Trained as a painter, Jenny Cowern has excelled as a feltmaker. Ten years ago, her acclaimed touring exhibition, Skyfelts, revealed her inspired and innovatory approach to the craft. Turneresque in their monumental treatment of atmospherics and luminosity, the Skyfelts also proclaimed a painter’s sensibility. It was the painterly possibilities of felt which recommended the medium to her - its expressive potential, and the ability of dyed wool’s to carry colour into the depth of a work, saturating it’s whole structure.

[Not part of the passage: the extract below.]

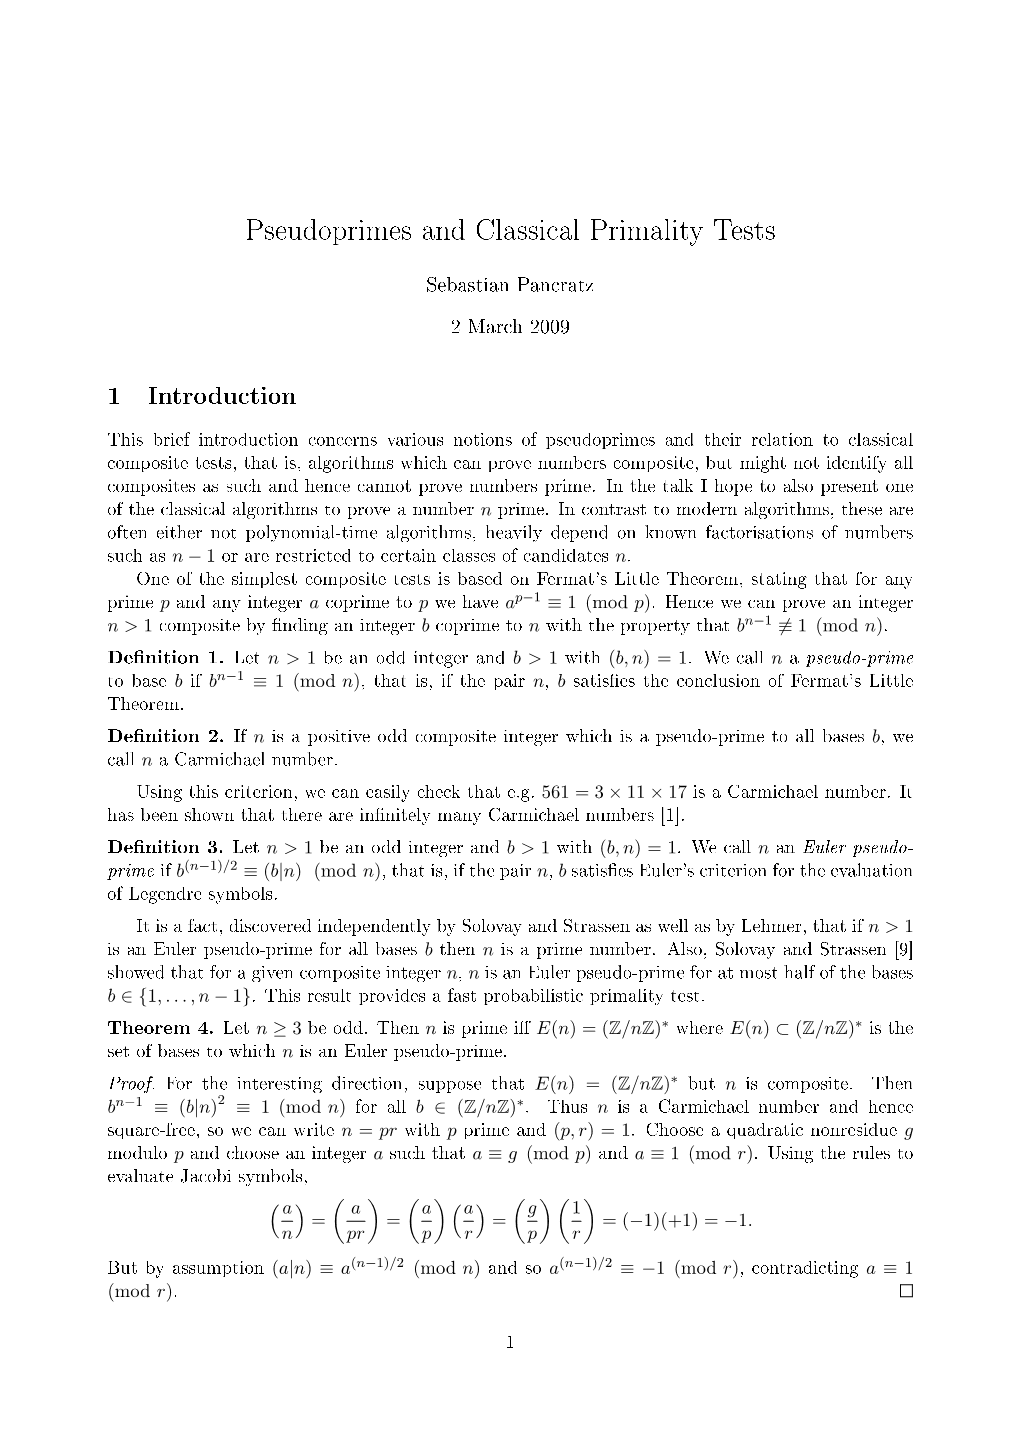 Pseudoprimes and Classical Primality Tests
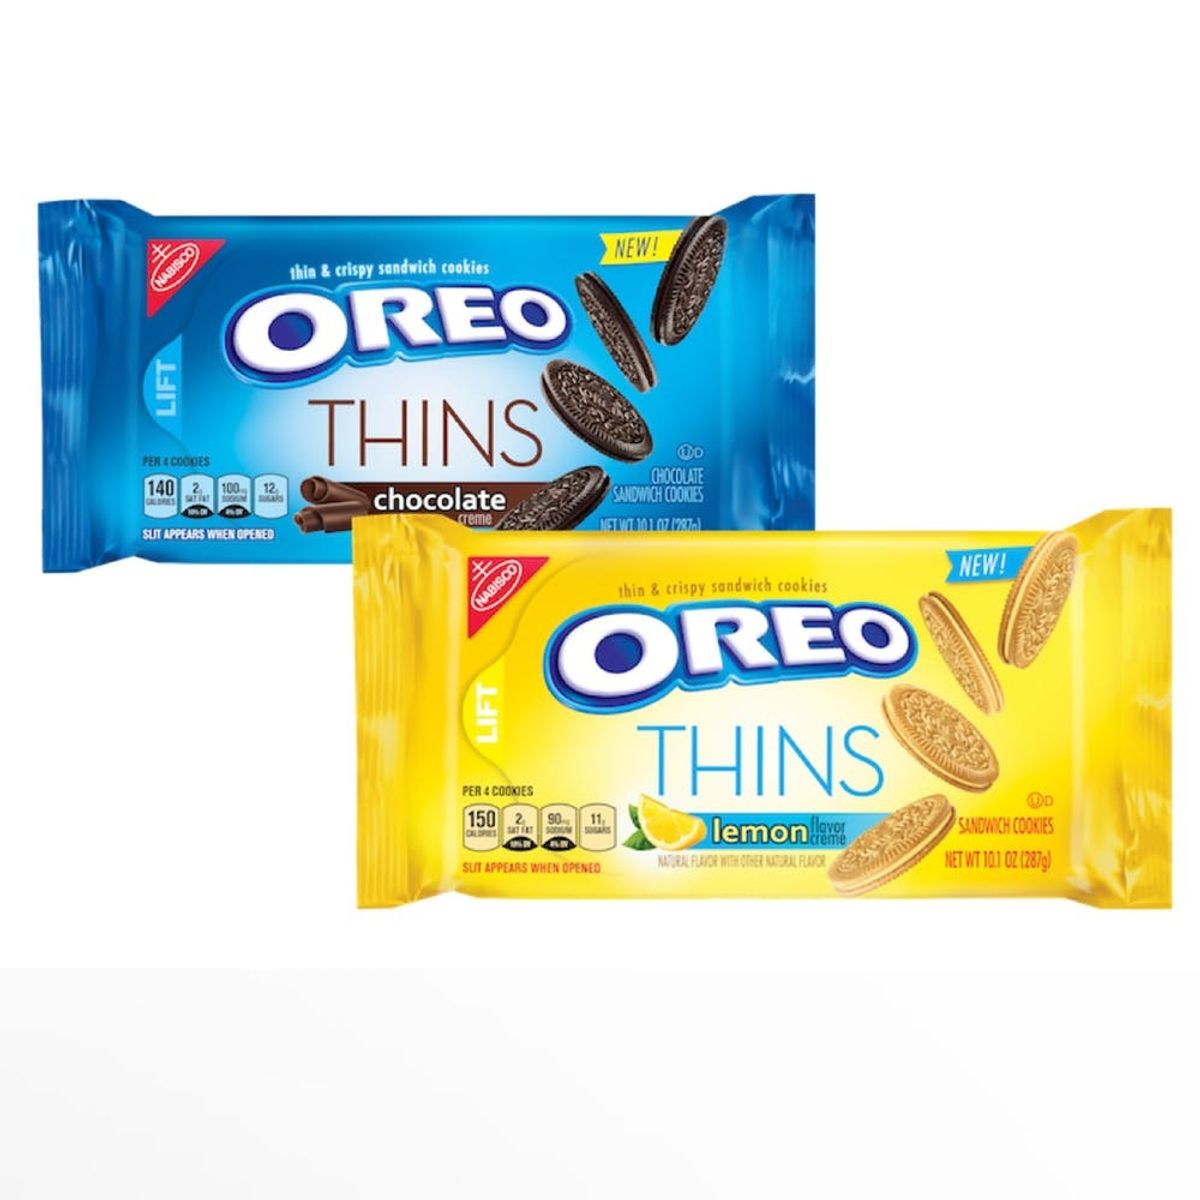 There Are 2 New Flavors of Oreos Hitting the Shelves This Summer!

 Involvement with the overlap of different media, and with translating the ‘look’ of one medium into another, remains central to Jenny Cowern’s work. So does the sensitive observation of natural phenomena evident in the Skyfelts, and in a series of felts exploring pebbles, trees and patches of light. Running parallel to these, a continuing series of abstract works results from explorations of the properties of felt, and the setting and solving of purely formal problems. These concerns are well-represented in this exhibition, which, in bringing together public and personal works, felts and paintings, drawings and documentation, is the first to fully elucidate the breadth and intensity of Jenny Cowern’s art.

Prominent among the ‘natural’ felts, “Copper Beech” shows the tree at different seasons, and is composed of twelve sections, suggesting the months of the year. The sections though, are not arranged in any precise progression, but evoke a sense of synchronism - of the tree’s identity residing equally in naked, wintry branches, and tasseled, spring blossoms, as well

As in the fiery blaze of leaves in a summer or autumn sun. In composite works like this, Jenny Cowern typically sets herself additional formal problems. Each section needs to be resolved as an autonomous composition, and successfully plays its part in building up the overall image.

 Based on a watercolour drawing, “Copper Beech” retains the fluid colour and effects of that medium. This remarkable skill in making felt exactly reproduce the chromatic and textural qualities of other media is also apparent in “Garden Trees” with the smudged, powdery look of its pastel source, and in “Nut and Quince” where monochromatic tonalities are precisely judged - dyed wool for charcoal, while natural sheep wool renders the warmer grey of conte crayon. These translations from one medium to another are not just demonstrations of imitative virtuosity. Nature might be the subject, but art is the means of recording its appearance. The felts are not only ‘about’ trees, skies or pebbles, but also investigate the immediate response to these, captured in the in the initial drawings or colour studies. Like any expert translator, Jenny Cowern conveys not just the thematic sense of the original, but also the essential nuances of its language.

 The trees depicted in works like “Nut and Quince” are in the garden outside Jenny Cowern’s studio, underlining the personal, intimate quality of her absorption with nature and its expression in the organic unity of the felts. This however, is only one aspect of a complex and constantly evolving practice which also externs to less familiar territory, within the public domain. From early in her career, she has sought out the challenge of working to briefs for large-scale works in architectural situations. This requires the introduction of new subject matter, and in the case of her recent mural for Heworth Metro station, the mastering of a totally different medium.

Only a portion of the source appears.